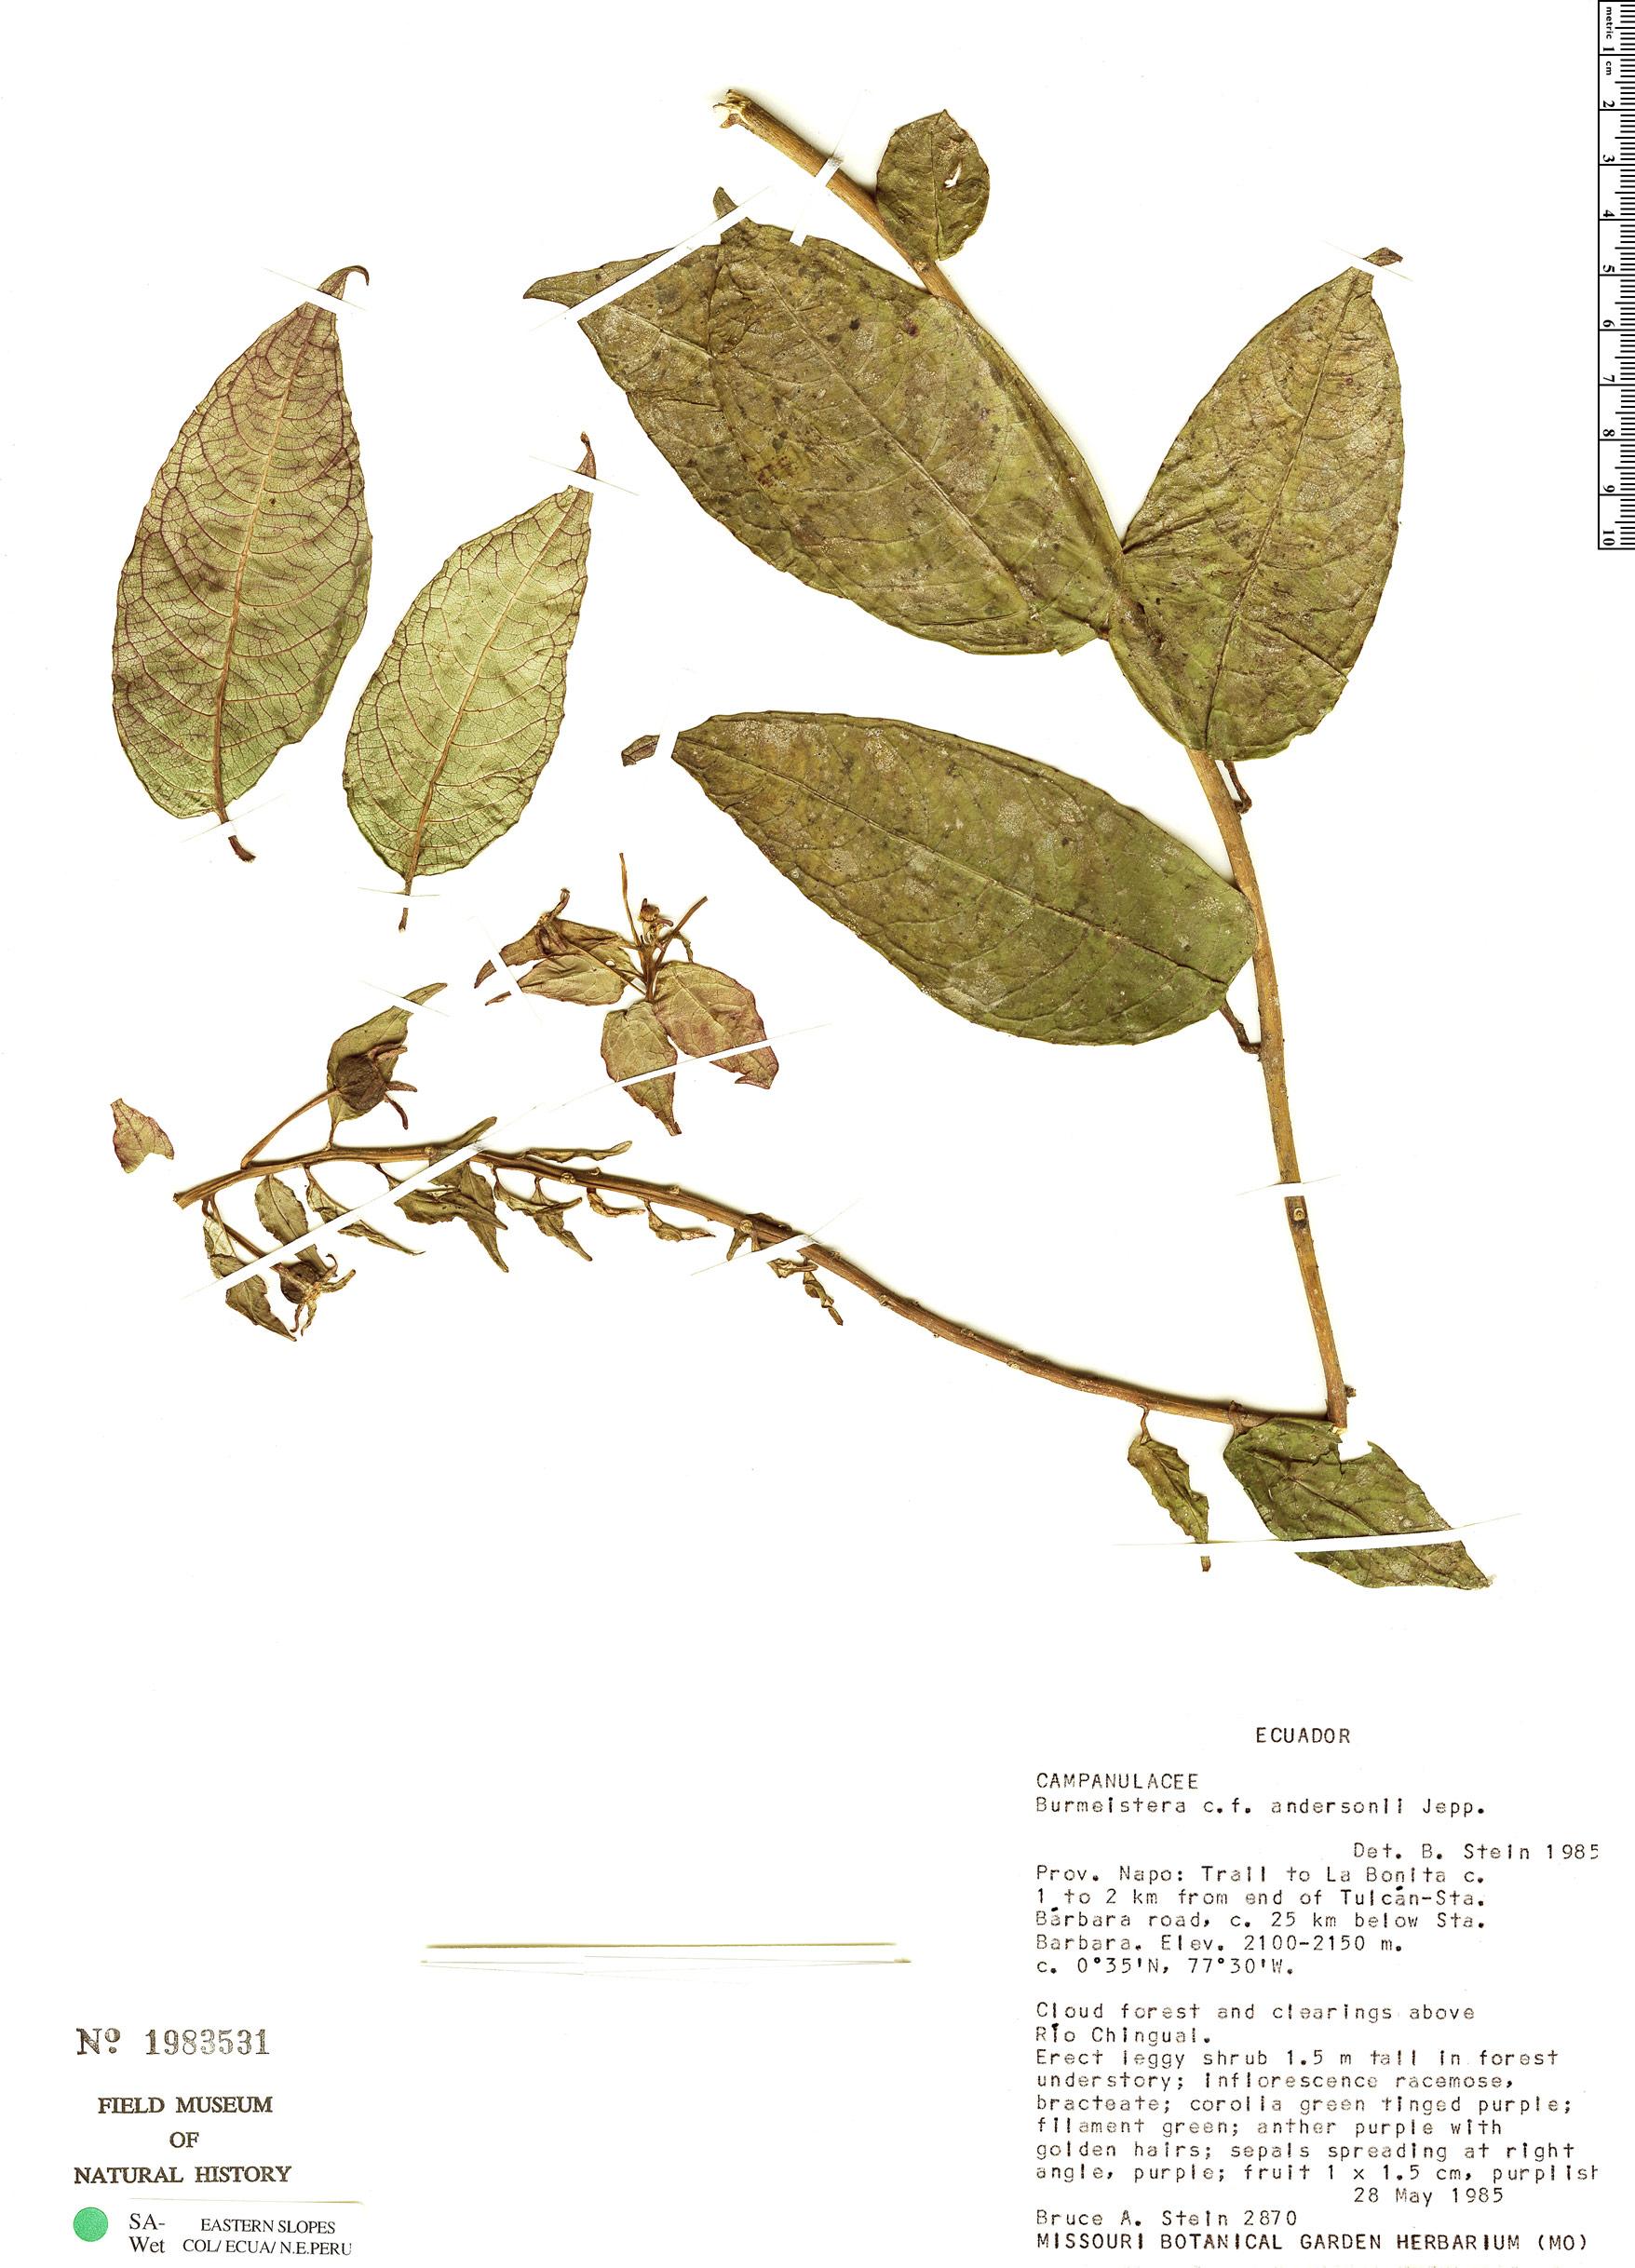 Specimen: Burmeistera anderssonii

==

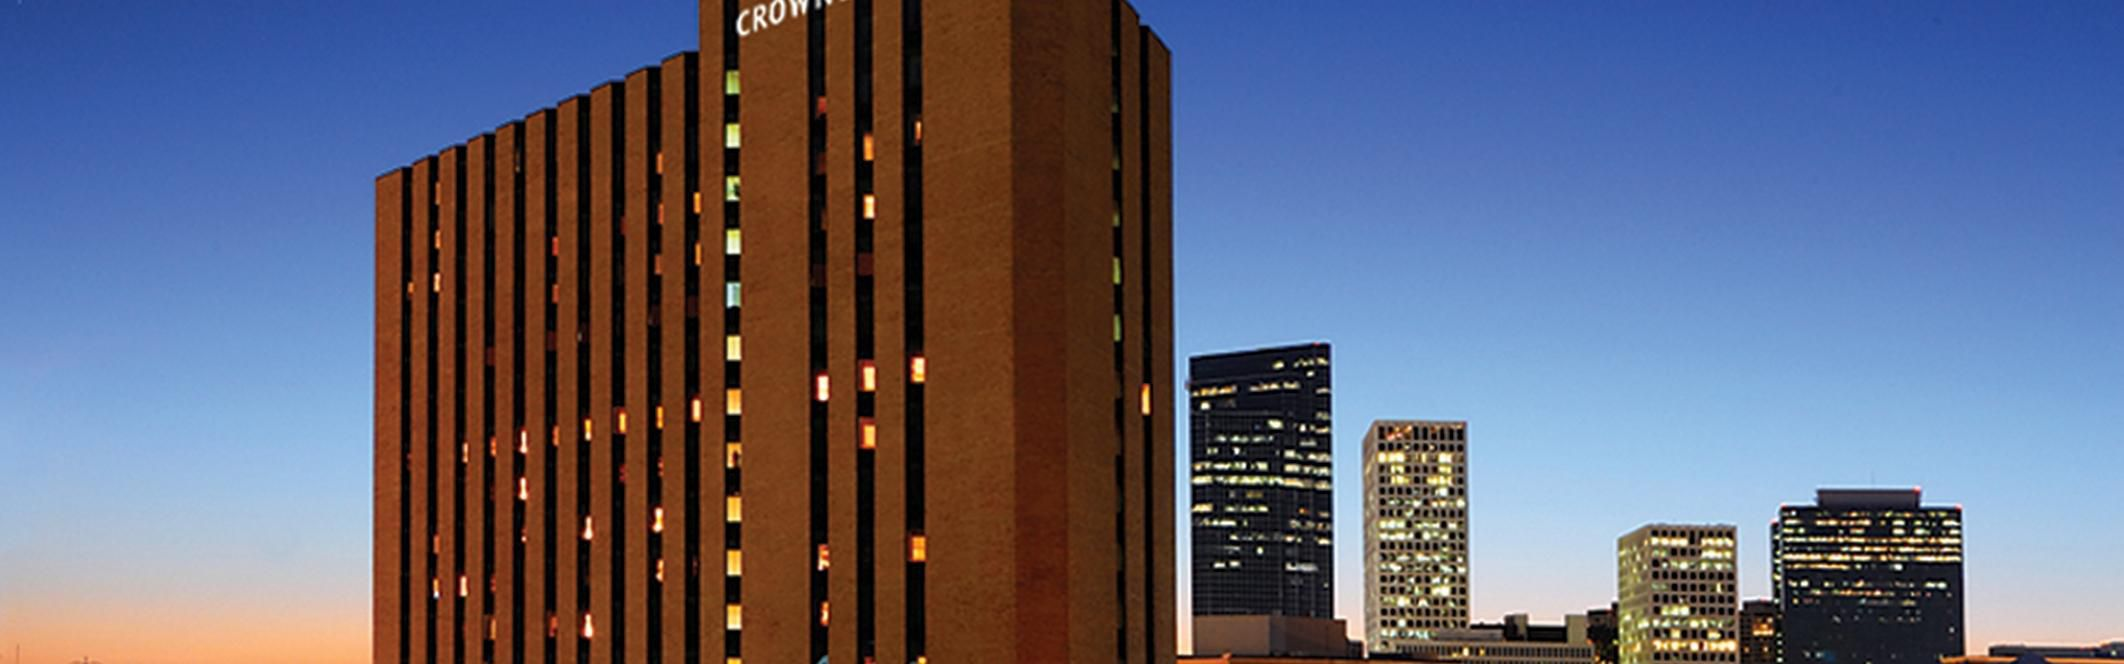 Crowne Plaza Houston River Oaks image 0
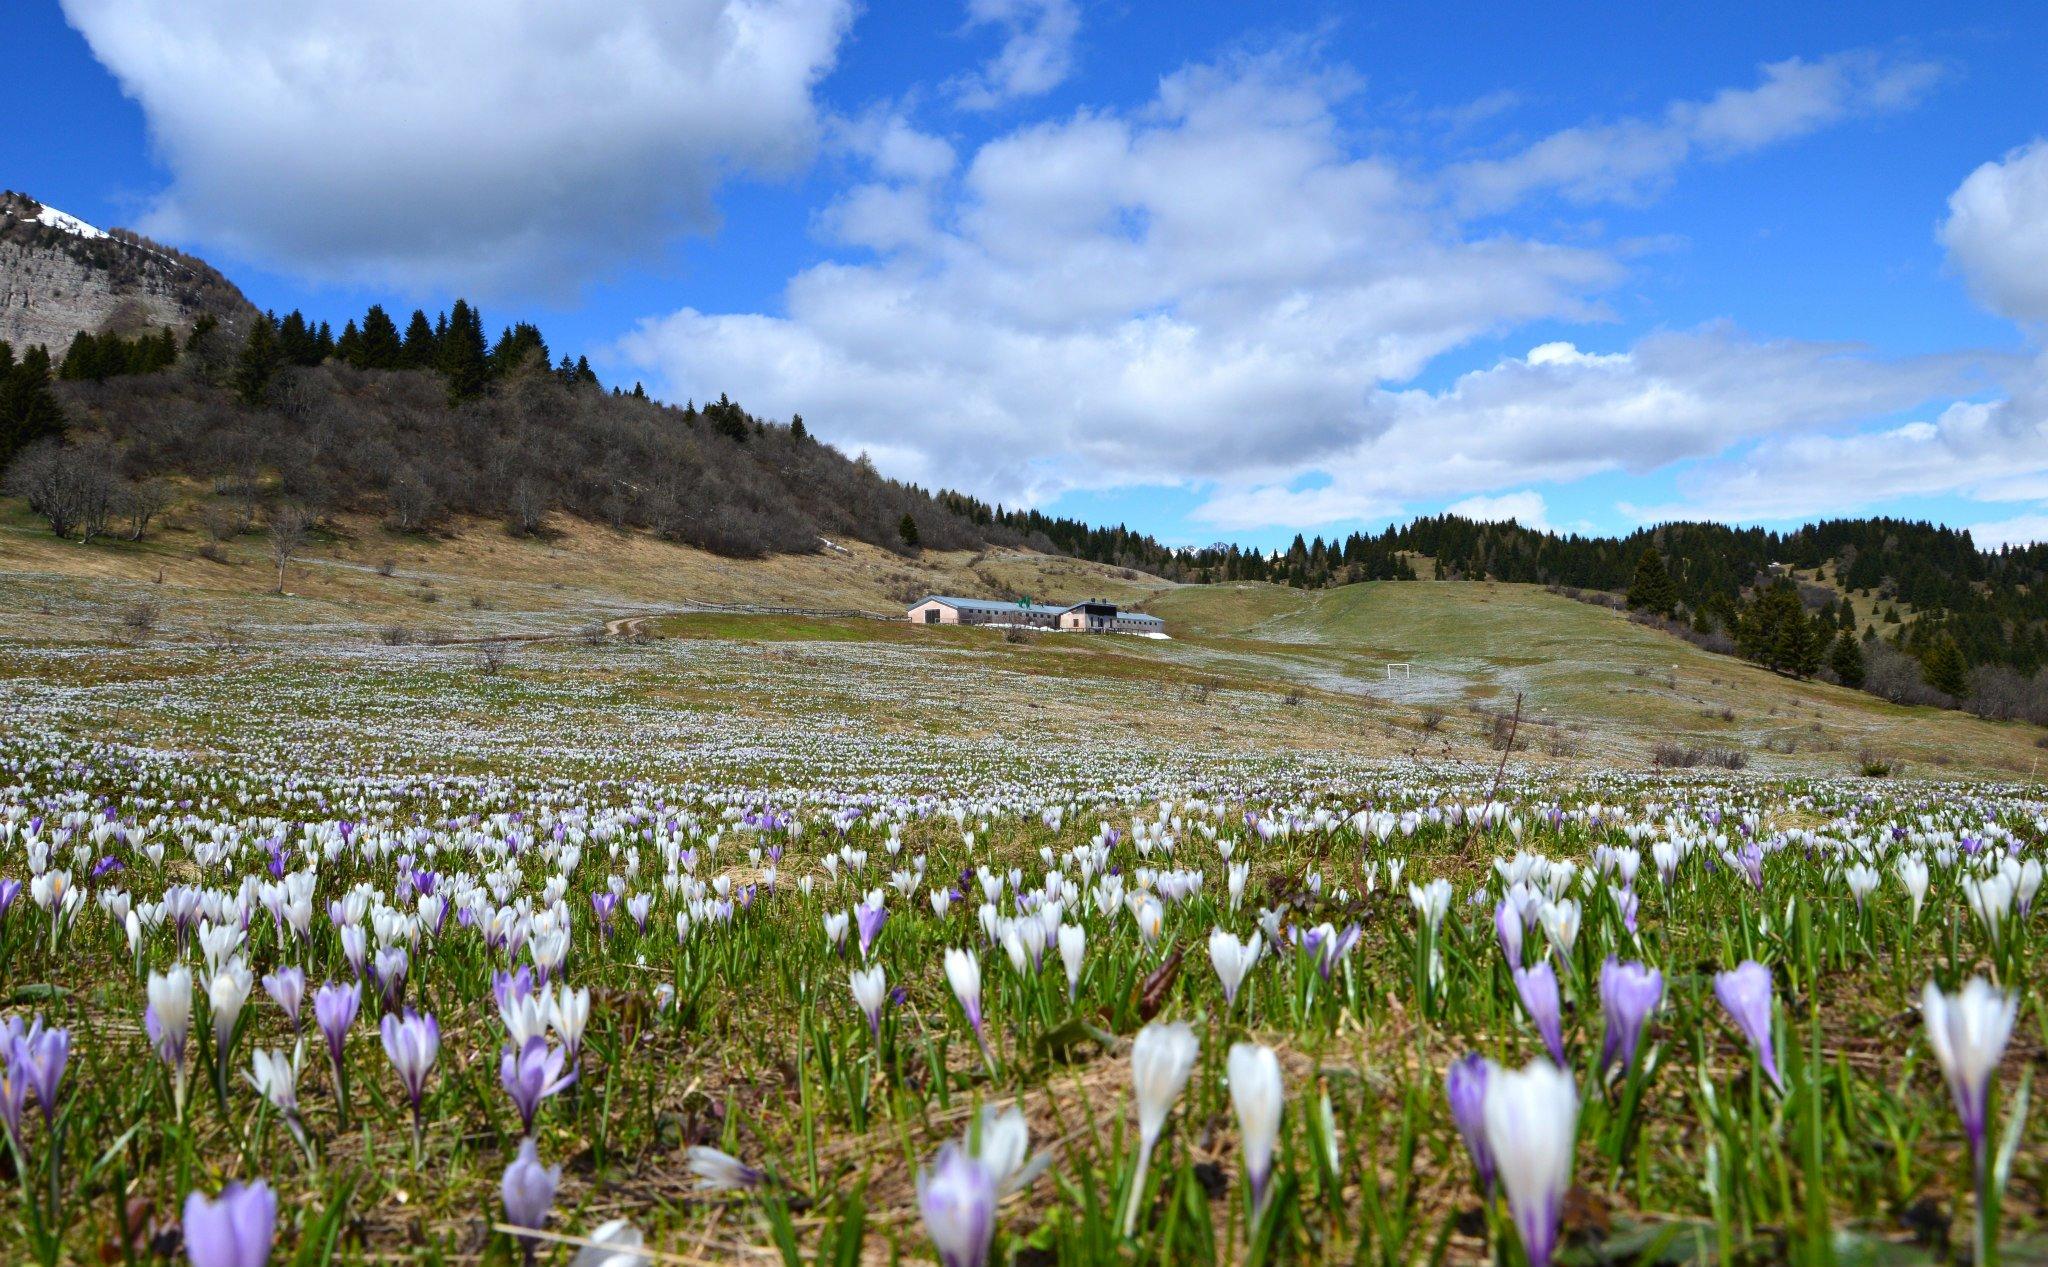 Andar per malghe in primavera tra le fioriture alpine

Work to be completed. Reproduce the listing above only between the lines holding "Crowne Plaza Houston River Oaks image 0" and "Andar per malghe", inclusive. Every line must match exactly, and pictures are dropped.

Result.
 Crowne Plaza Houston River Oaks image 0
 Andar per malghe in primavera tra le fioriture alpine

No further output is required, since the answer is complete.